• Brief
Pictures in the data must not be copied, but everything else should be output exactly.

• Stored data
------------------------------------------------------------------------
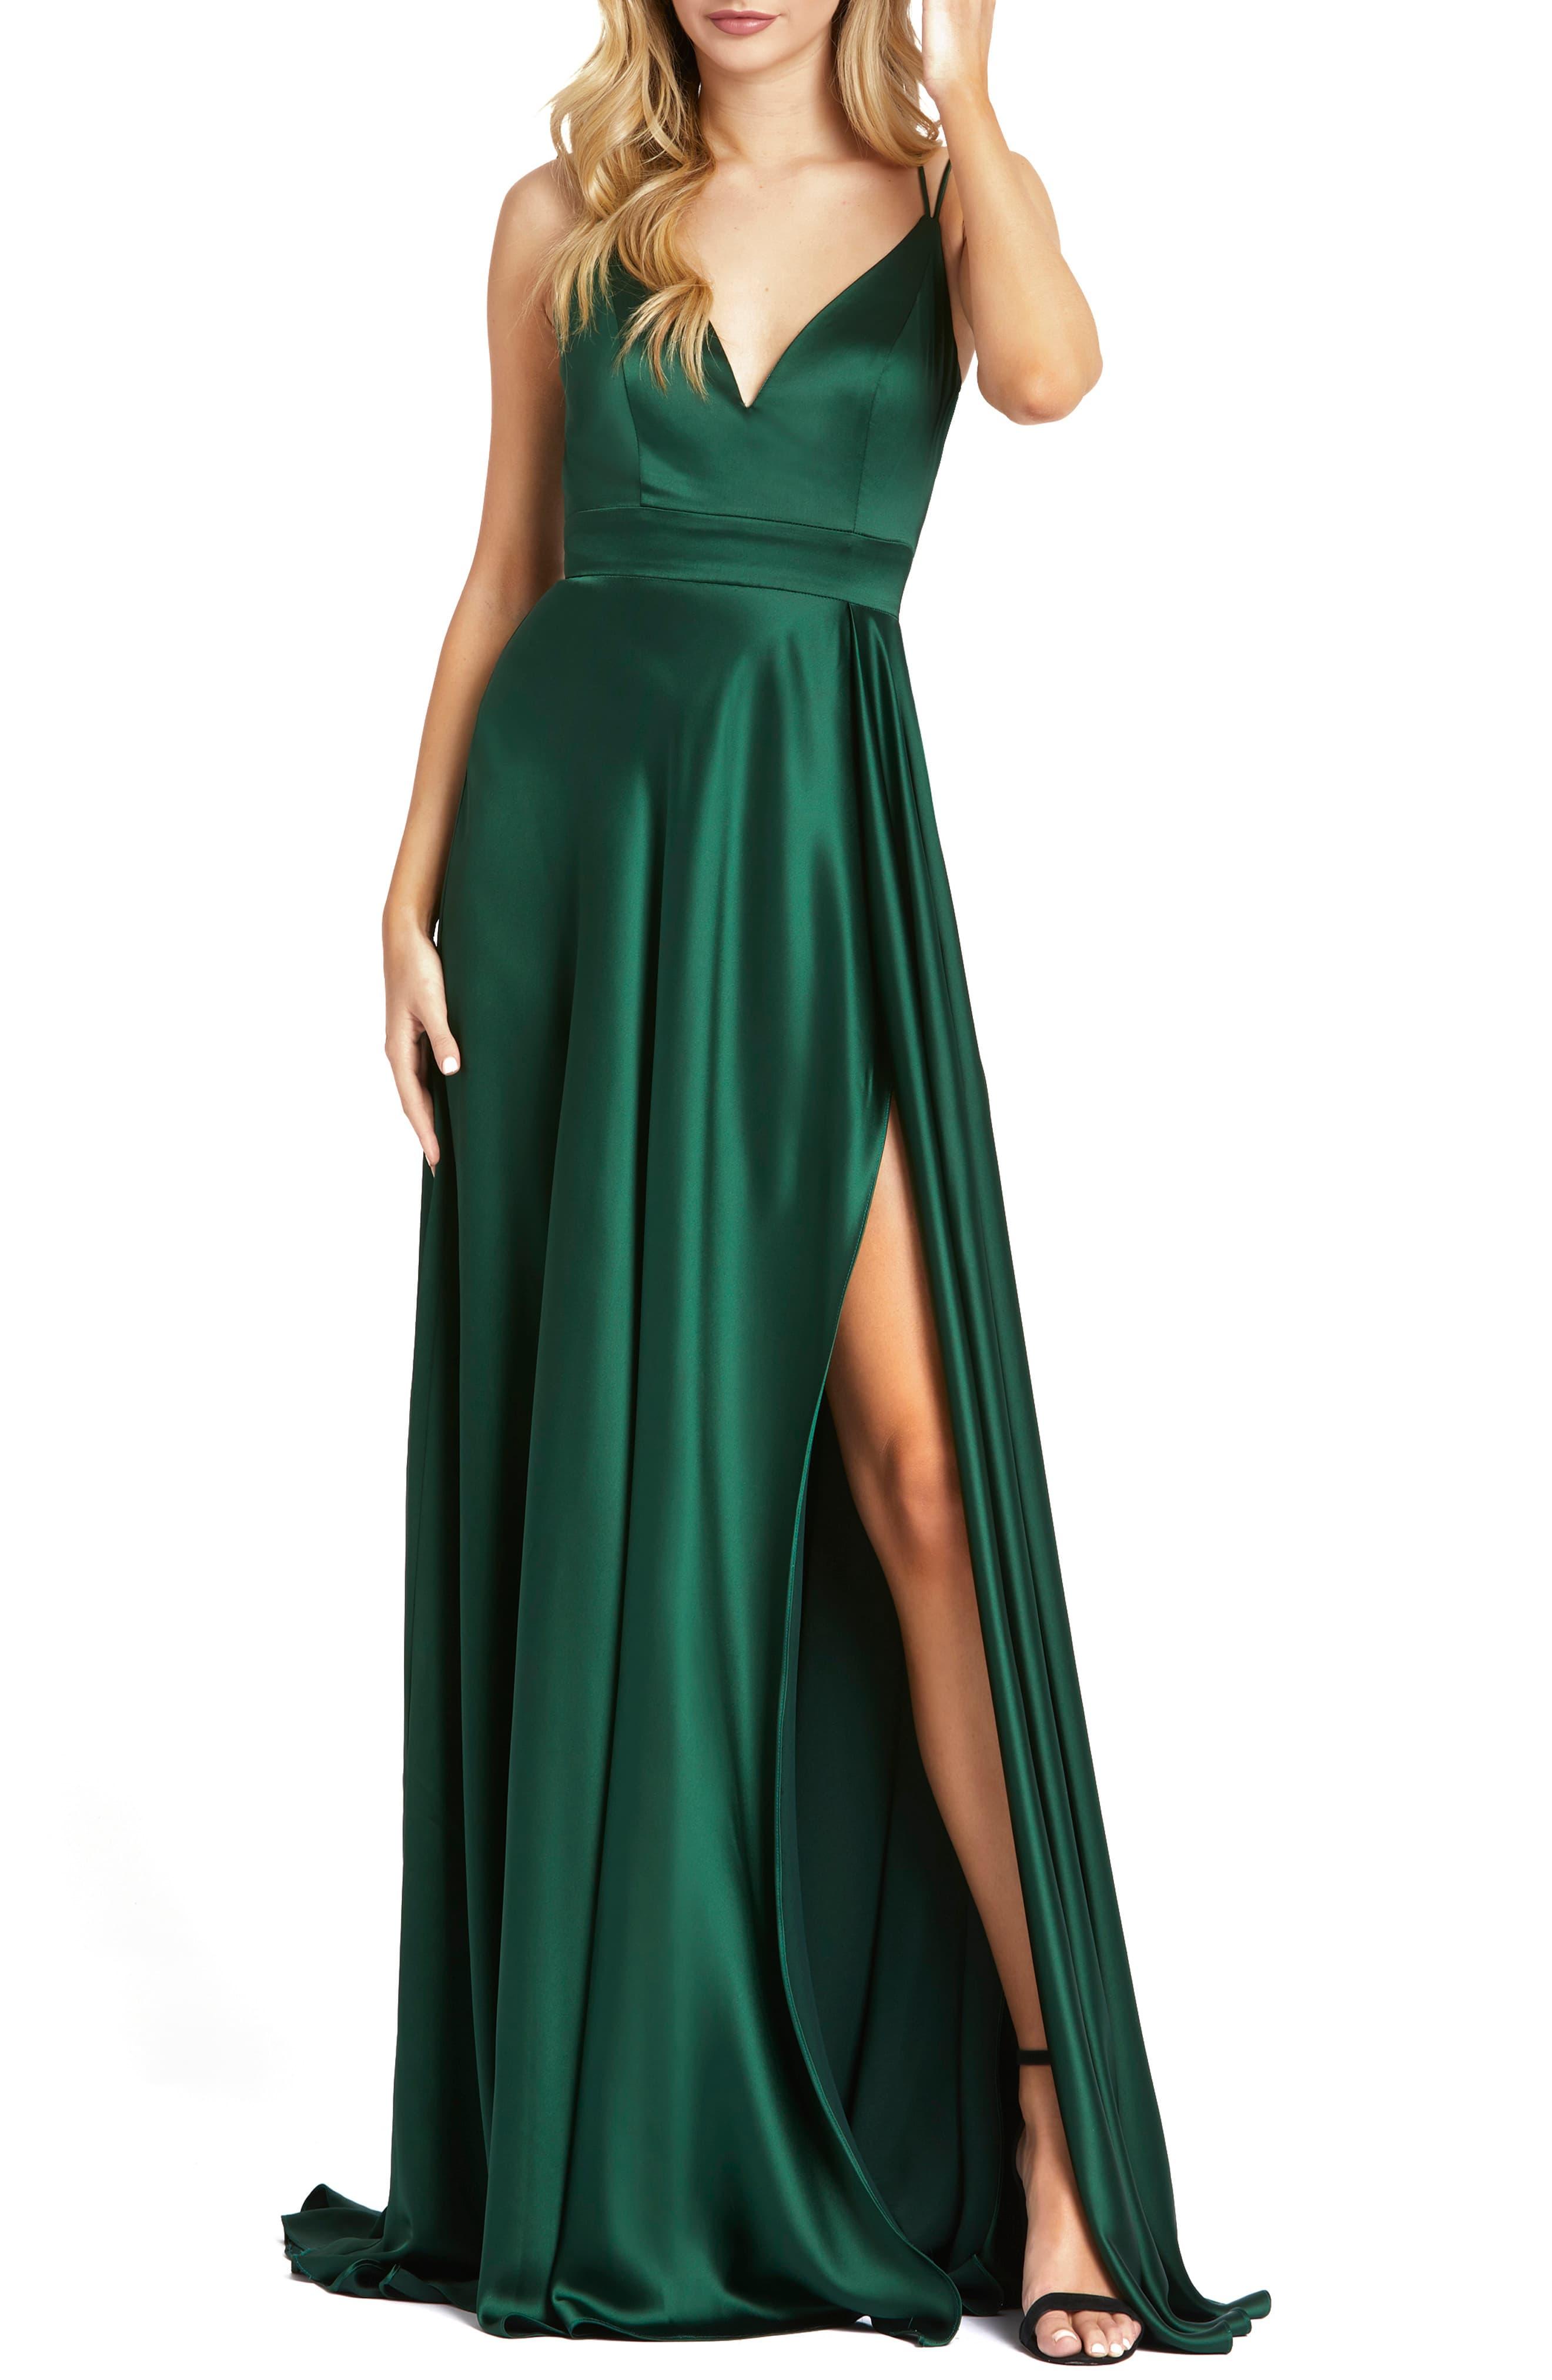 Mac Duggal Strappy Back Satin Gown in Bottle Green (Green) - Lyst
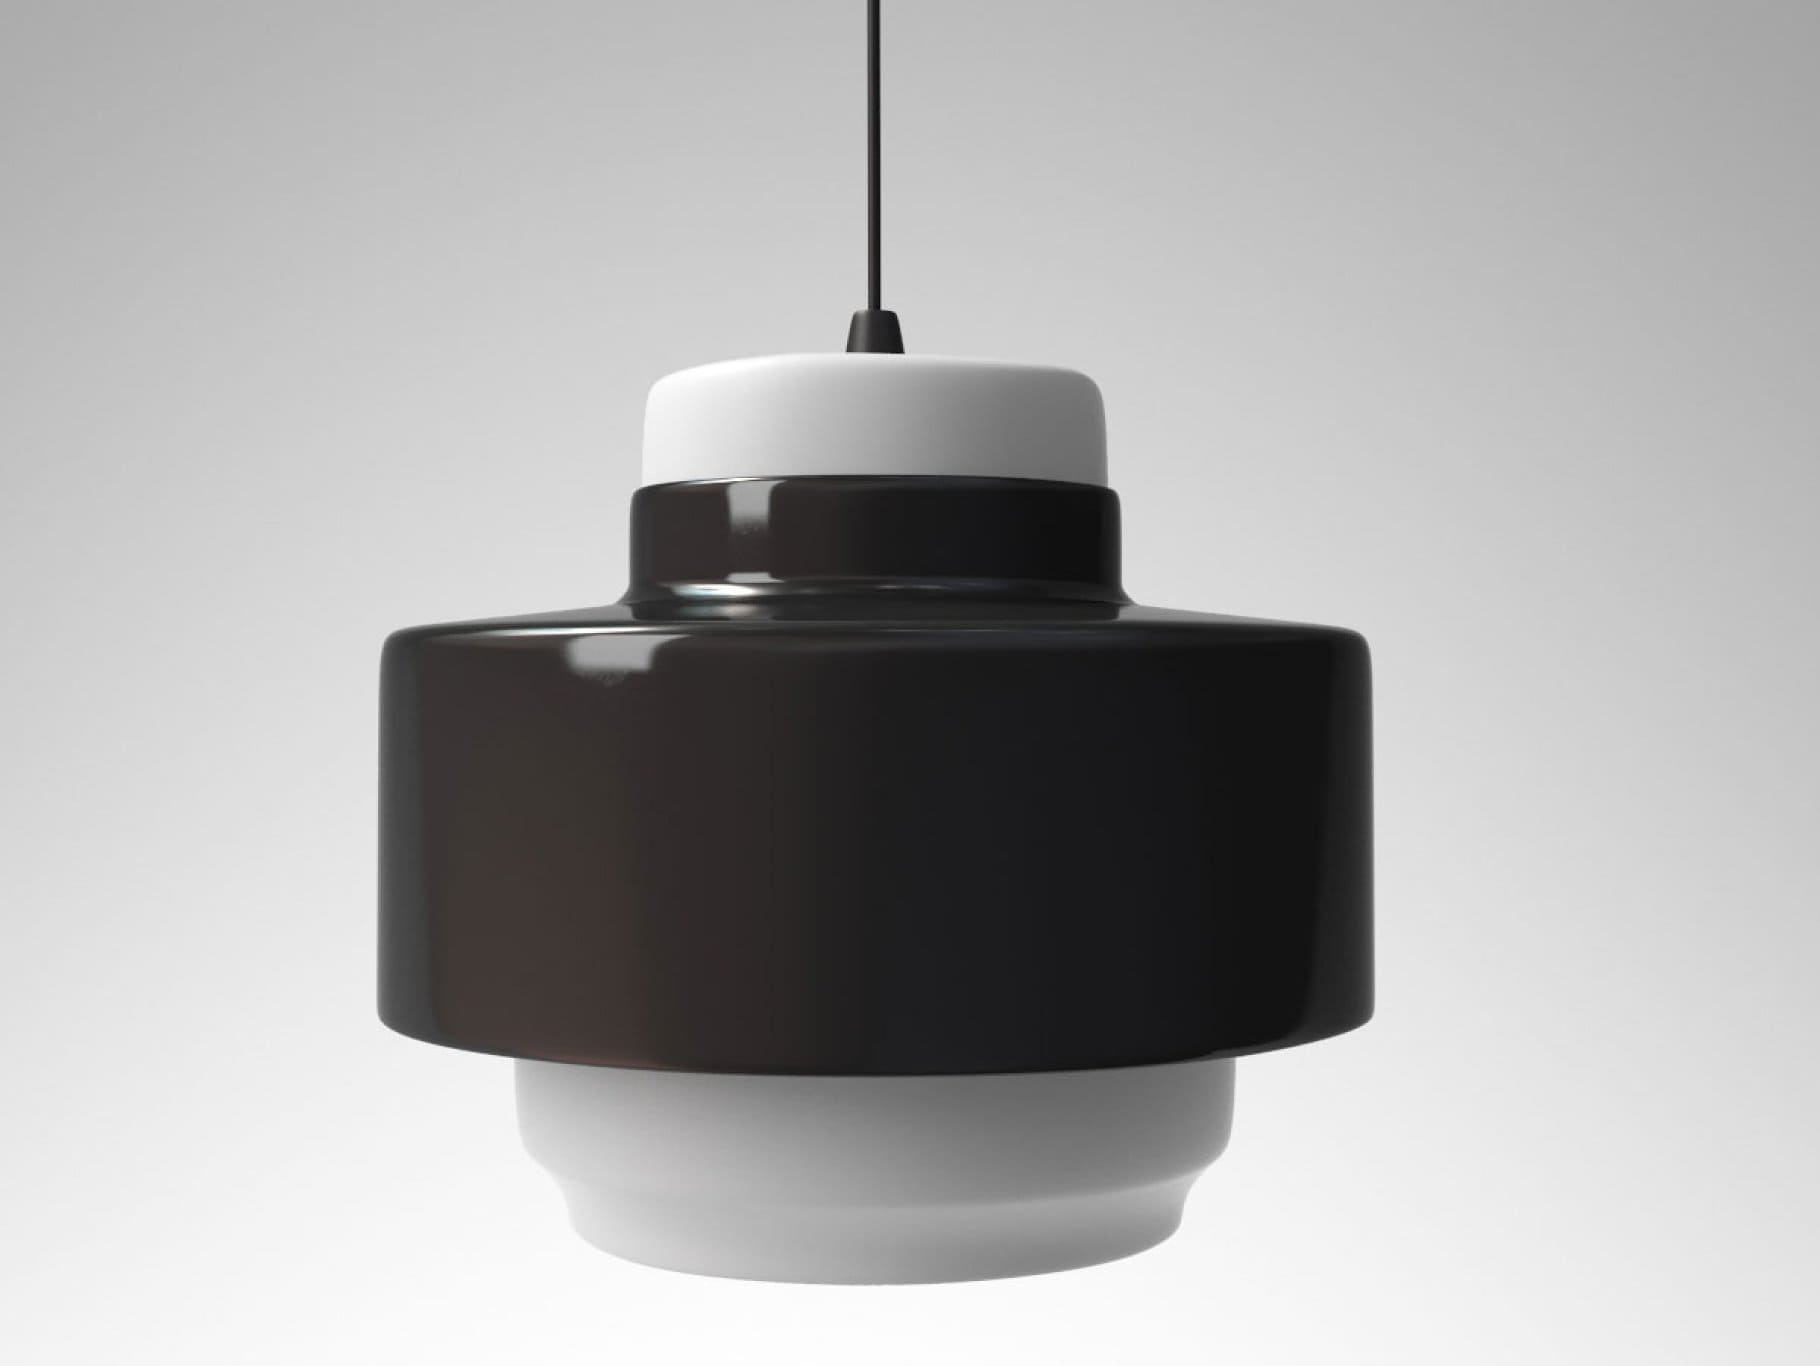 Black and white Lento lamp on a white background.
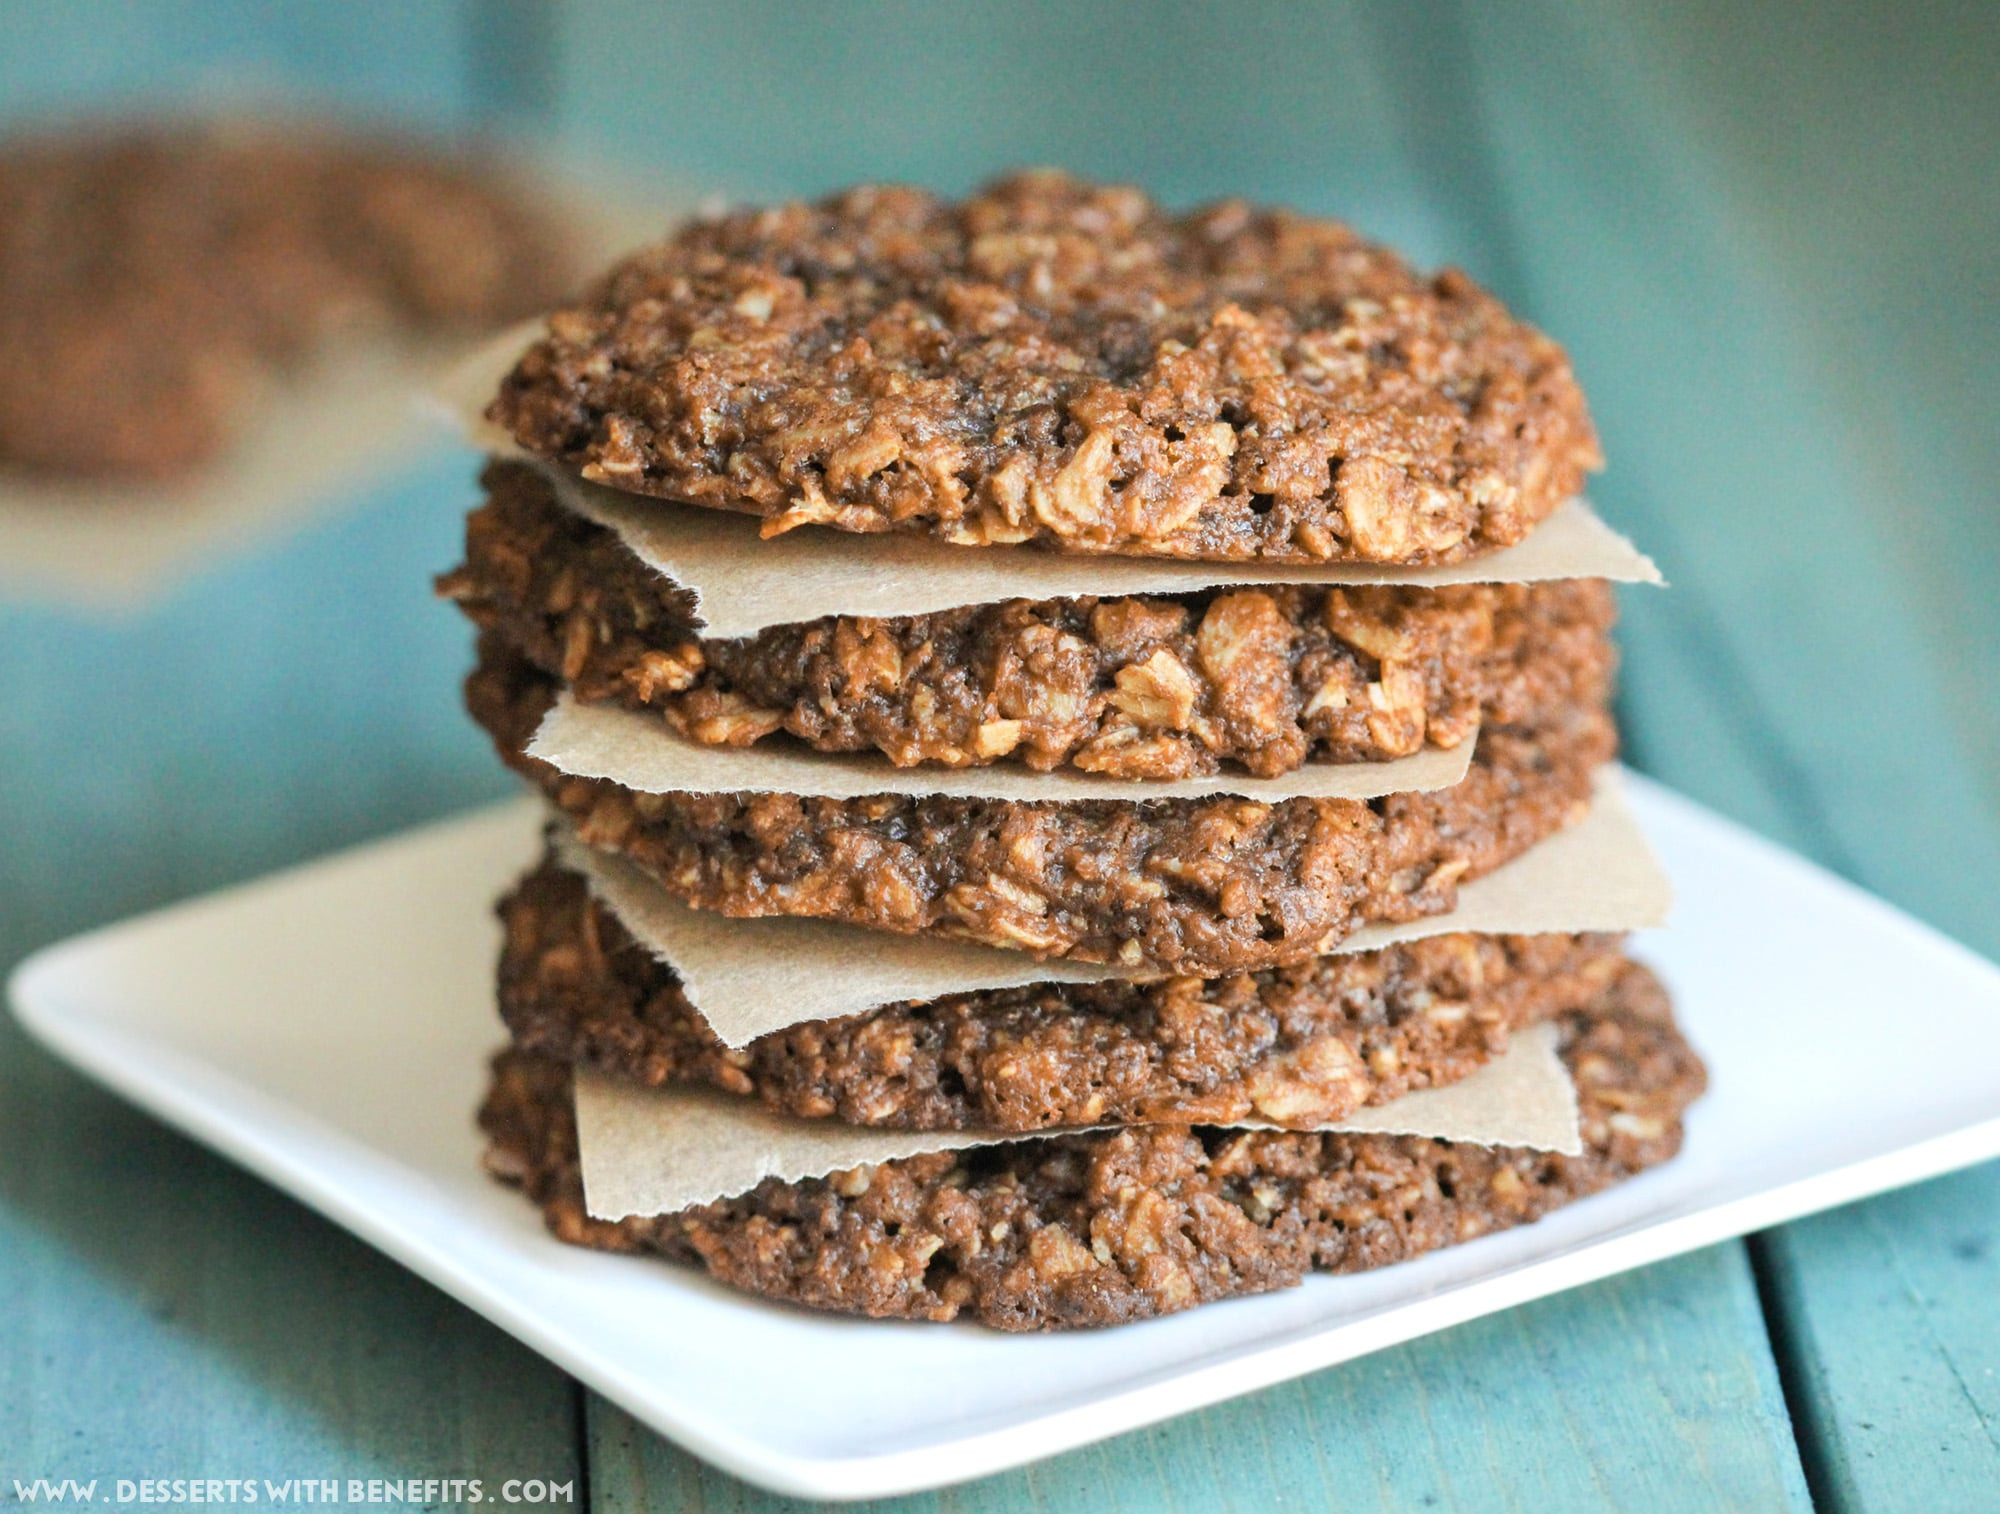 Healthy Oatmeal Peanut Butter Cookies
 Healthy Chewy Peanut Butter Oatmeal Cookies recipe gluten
------------------------------------------------------------------------
• Exercise response
 Mac Duggal Strappy Back Satin Gown in Bottle Green (Green) - Lyst
 Black and white Lento lamp on a white background.
 Healthy Oatmeal Peanut Butter Cookies
 Healthy Chewy Peanut Butter Oatmeal Cookies recipe gluten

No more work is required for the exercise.